We showed that there are 12 trans-eQTL transbands; 5 control transbands and 7 lead-treated transbands at 11 different loci (Table 1). The existence of trans-eQTL transbands has been validated in yeast [13,118], but there is controversy as to whether trans-eQTL transbands identified in other model organisms are real or correlation artifacts . This has been illustrated by a simulation study that showed that the five most populated bins of expression data contained 20% of the significant, but spurious, trans-eQTLs . One suggested solution, which we did in this manuscript, is to perform permutation analyses of the eQTL data (i.e., permuting the genotype assignments only and keeping the original expression values for all the samples) . However, such permutation analyses, done by others, seemingly invalidate numerous of the previous studies if one only considers the size of the transband as the most important criterion . Therefore, we have more extensively analyzed the permutations in our study and found that (1) the number of transbands, (2) the total number of eQTL, and (3) the number of identical genes in control and treated transbands might be more important criteria than the absolute size of the transband.
Another approach to validating transbands is to test gene expression for individual probesets within them for significant genetic correlation with variation among lines for functionally related traits assessed independently. The 30AB region of the Drosophila genome has been identified as both a behavioral QTL for changes in locomotion in response to lead treatment  and as a transband in the present study that regulates 194 probesets in response to lead. We can therefore search for individual probesets within the 30AB region showing variation in gene expression after lead exposure among roo lines that is correlated with variation among the same lines for their behavioral response to lead to further identify potential candidate genes for both the behavioral and transband eQTL. Any probesets identified in this manner can be further screened by correlating gene expression from candidate probesets linked to 30AB with gene expression from candidate probesets regulated from the 30AB transband.
For present purposes, we focused on 122 probesets that include 30AB and the proximate half of the adjacent regions 29F and 30D (measured by base-pair distances). We identified seven probesets among the 122 spanning 30AB that showed correlations at a level of p<0.05 (Table 6). We identified Ggamma30A (CG3694), involved in G-protein signal transduction and cell cycle regulation as the probeset in the 30AB region with gene expression most strongly correlated with both lead-induced behavioral changes and lead-induced changes in gene expression among those probesets regulated from 30AB. Ggamma30A has human and other mammalian orthologs with similar function, and has been associated in mice with gustation .

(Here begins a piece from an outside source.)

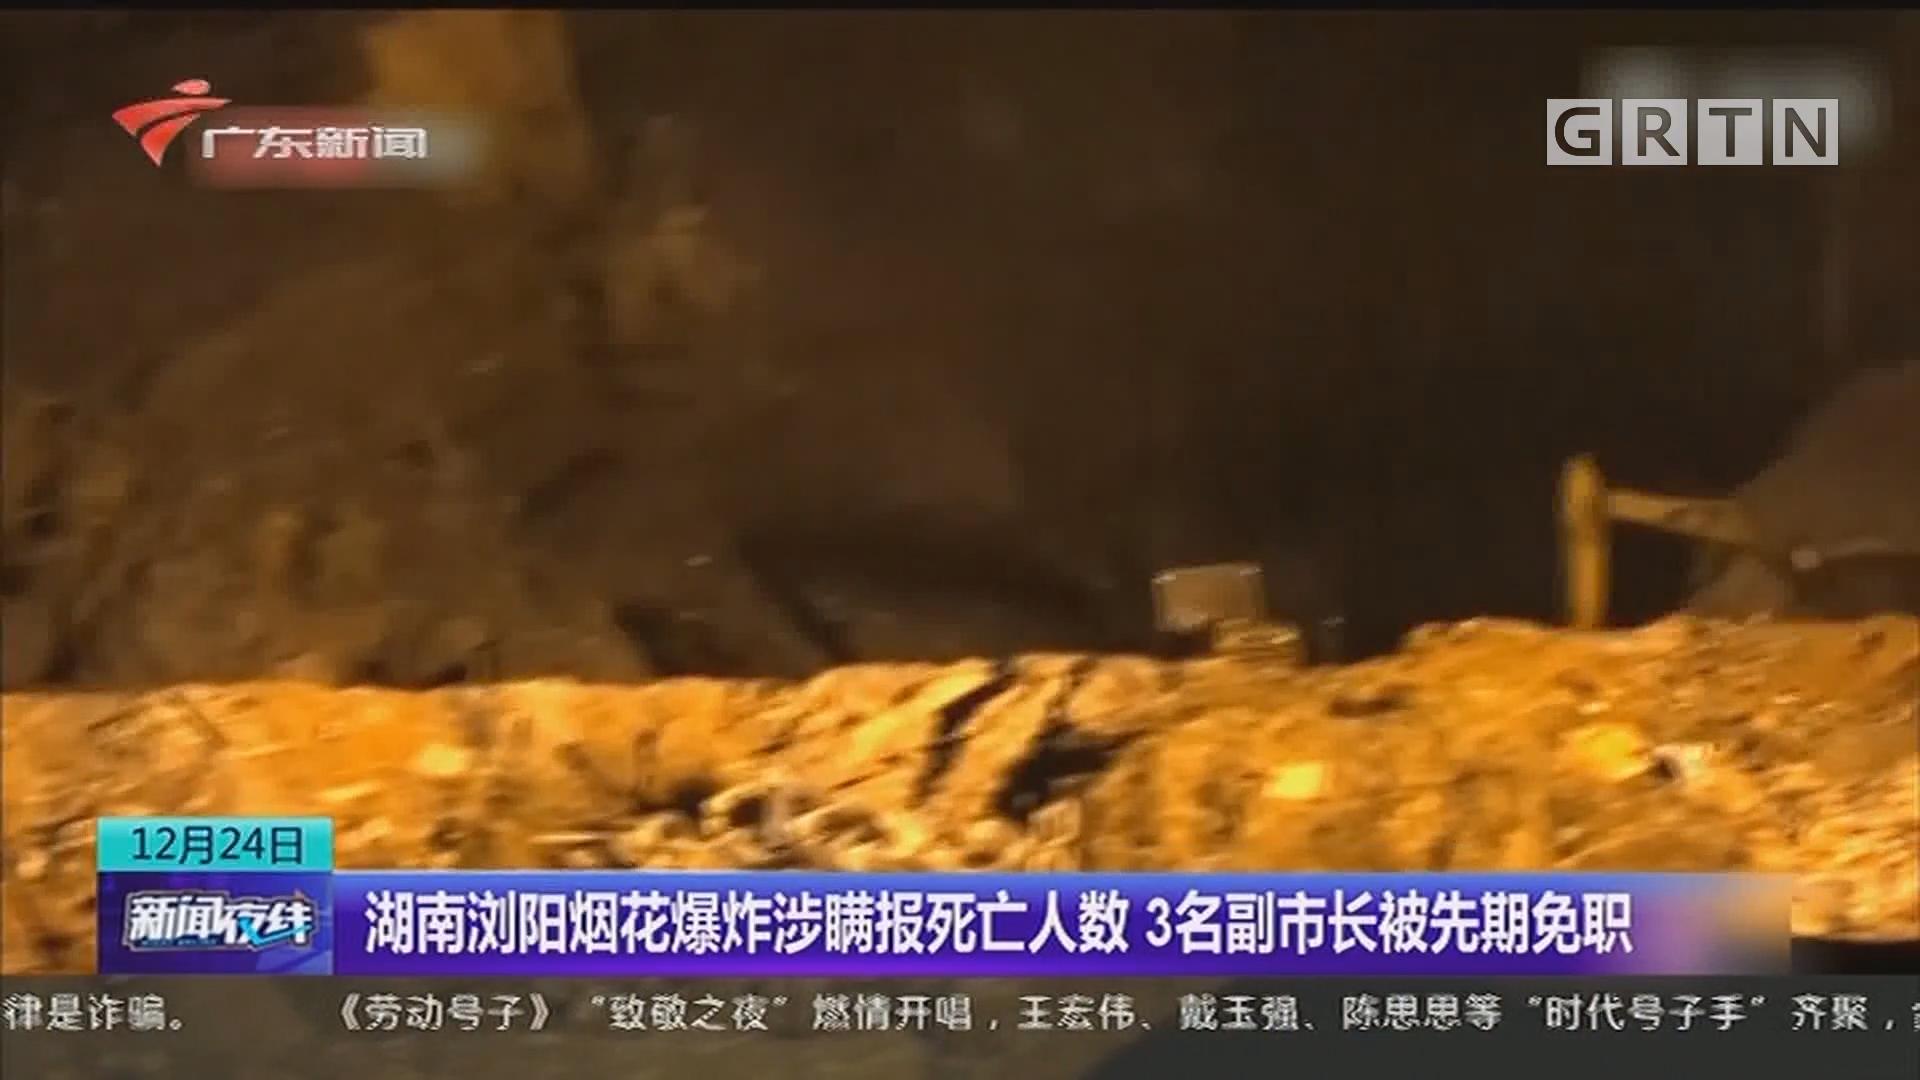 湖南浏阳烟花爆炸涉瞒报死亡人数 3名副市长被先期免职

Although these cursory analyses for purposes of discussion have not been corrected for multiple comparisons, they illustrate a simple and direct method for correlating functional traits associated with lead exposure to gene expression levels in response to lead as an independent method for screening candidate genes of interest within identified QTL. The combination of gene expression data and data on functional traits in the same RI lines provides a more precise method for a priori screening of candidate loci representing significant QTL than either method alone would allow. This approach should be able to increase the probability of identifying valid candidate loci represented by eQTL to facilitate confirmation by direct genetic methods such as deletion mapping and gene silencing, at least in cases where functional trait QTL are derived from strain differences in traits that are a direct function of strain differences in gene expression.
In the absence of data on functional traits and functionally related gene expression in the same RI lines, a priori identification of candidate genes for a QTL is limited to what is already known about the functions of closely linked loci. In the present case, examining the known, or predicted functions of the 122 genes closely linked to our behavioral QTL reveals one that is a strong candidate based on predicted function (CG3759: “laccase-like”) associated with defense against toxins, iron and copper binding (Flybase). Although gene expression from this probeset is not correlated with the behavioral response to lead, it may represent genetic variation that acts developmentally to mediate behavioral responses to lead at a physiological or anatomical level that does not depend on adult gene expression.
We have also measured variation among these roo lines for lead burden in response to the same lead treatment used here to assay gene expression in response to lead treatments, and have identified three significant QTL for this trait (unpublished) that do not overlap with either the behavioral QTL  or the transband eQTL identified here in response to lead treatment. This observation suggests that our transband pattern of gene expression in response to lead is not significantly dependent on strain variation in lead burden, although further analysis of individual probesets may reveal interesting associations.
Systematic analysis of genetic correlations among probesets for gene expression and functional trait expression in response to lead exposure may help identify specific candidate probesets of interest within each of the transband QTLs. Genetic validation of the putative trans-regulators in our transbands is required to authenticate this proposition, but, if validated, it represents a significant change in how to interpret eQTL analyses.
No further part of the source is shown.